Collected material:
○ ○ ○ ○ ○ ○ ○

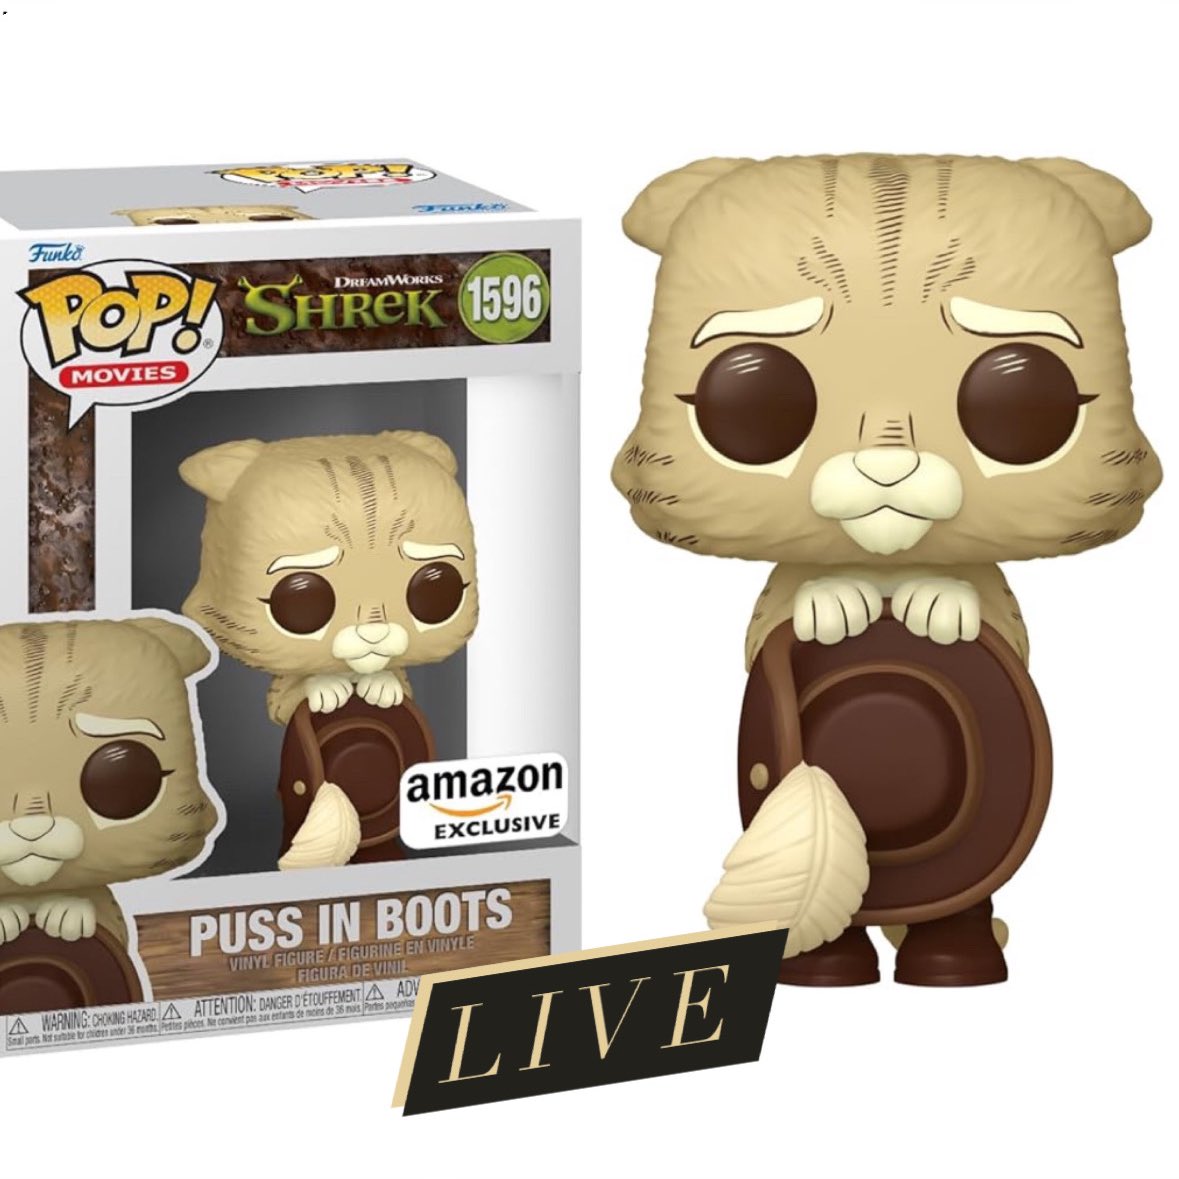 Now live! The Amazon exclusive Sepia Puss in Boots Funko POP!
Linky ~ fnkpp.com/AmPuss
#Ad #PussInBoots #FPN #FunkoPOPNews #Funko #POP #POPVinyl #FunkoPOP #FunkoSoda

○ ○ ○ ○ ○ ○ ○

What the task requires:
The whole of the data needs to be copied word for word, though not its pictures.

Response:
 Now live! The Amazon exclusive Sepia Puss in Boots Funko POP!
Linky ~ fnkpp.com/AmPuss
#Ad #PussInBoots #FPN #FunkoPOPNews #Funko #POP #POPVinyl #FunkoPOP #FunkoSoda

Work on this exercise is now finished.